Let me just put forward a few sources of heterogeneity that I think ought to be on the research agenda. The first is organizational identity. Yes, it’s true that social movement scholars have long been concerned about collective identity and its relationship to activism, but so far there have been few studies that attempt to explain variance in the identities of social movement organizations. By organizational identity, I refer to the organization’s self-definition – i.e., how it defines its own reason for existence and purpose to its audiences, including members, adherents, and beneficiaries. This is an important source of differentiation that organizations use to position themselves relative to their peers and create a base for future mobilization. Differences in the ways that labor unions, civil rights organizations, or contemporary environmental activist groups represent themselves to the public have consequences for their ability to engage in alliances with other organizations, recruit specific types of members, and establish a competitive niche in their social movement industry. Although there is recognition about the consequences of an organization’s identity, there are fewer studies that explore the origins of these identities (for an example, however, see Downey’s study about how factions within the anti-nuclear movement spurred new organizational identities).

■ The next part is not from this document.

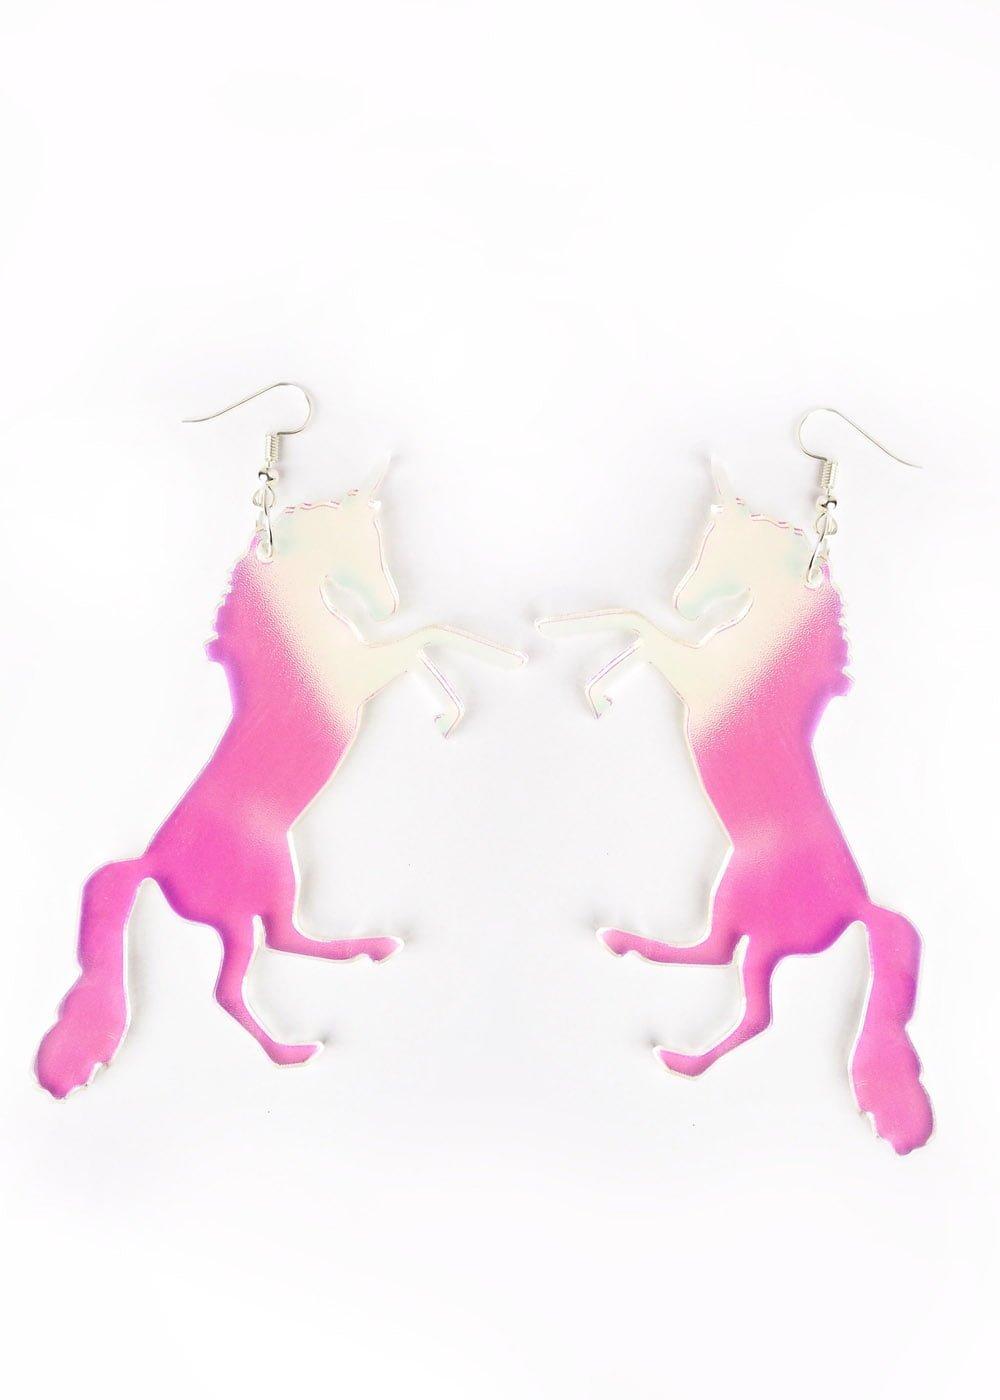 Unicorn earrings in iridescent acrylic.

A second source of variance is the practices or activities that movement organizations use.  Research on repertoires of contention has greatly enriched our understanding of how new sets of practices, tactics, and strategies evolve over the course of a movement (e.g., Clemens’s work on the woman suffrage movement stands out), but we have fewer examples of how organizations develop local repertoires of action, often in isolation from one another but sometimes in competition or cooperation with one another. Why do some organizations become specialists with a narrow repertoire of activities while others become generalists or jacks-of-all-trades?

The last source of heterogeneity I’ll mention is ideology. Mayer himself argued that ideology is an under-recognized source of variance within movement organizations in his paper about ideologically structured action. Individuals’ commitment to organizations often depends on the organization’s ability to articulate a coherent ideology and their ability to frame that ideology in a way that resonates with potential participants. But we actually have very little research that examines variation in ideology – both in terms of its content and its coherence or salience within the organization. We may assume that all organizations within the same movement industry are more or less ideologically aligned but anecdotal evidence indicates this is far from true. Just look at what happened to the Occupy movement. Differences in ideology made the coalition of activists involved in Occupy unwilling to commit to a particular set of goals or even a clear agenda. Thus, even seemingly congruent activist groups may fail to take joint action due to nuanced differences in ideology. Where do these differences come from and, to Zald’s and Ash’s purpose, how do movement organizations perpetuate those ideological differences over time despite environmental pressures to become more homogenous?

Obviously the three concepts I’ve proposed are interrelated. Ideology, identity, and activities are causally interconnected. Also, I throw these questions out there not as the definitive set of problems that we should be studying as social movement scholars, but rather as questions that intrigue me today after revisiting Zald and Ash. Despite being an enormously influential paper by turning our attention to the social movement organization, I think there is still much potential to uncover the sources of organizational heterogeneity that the authors were only able to briefly touch upon in their paper.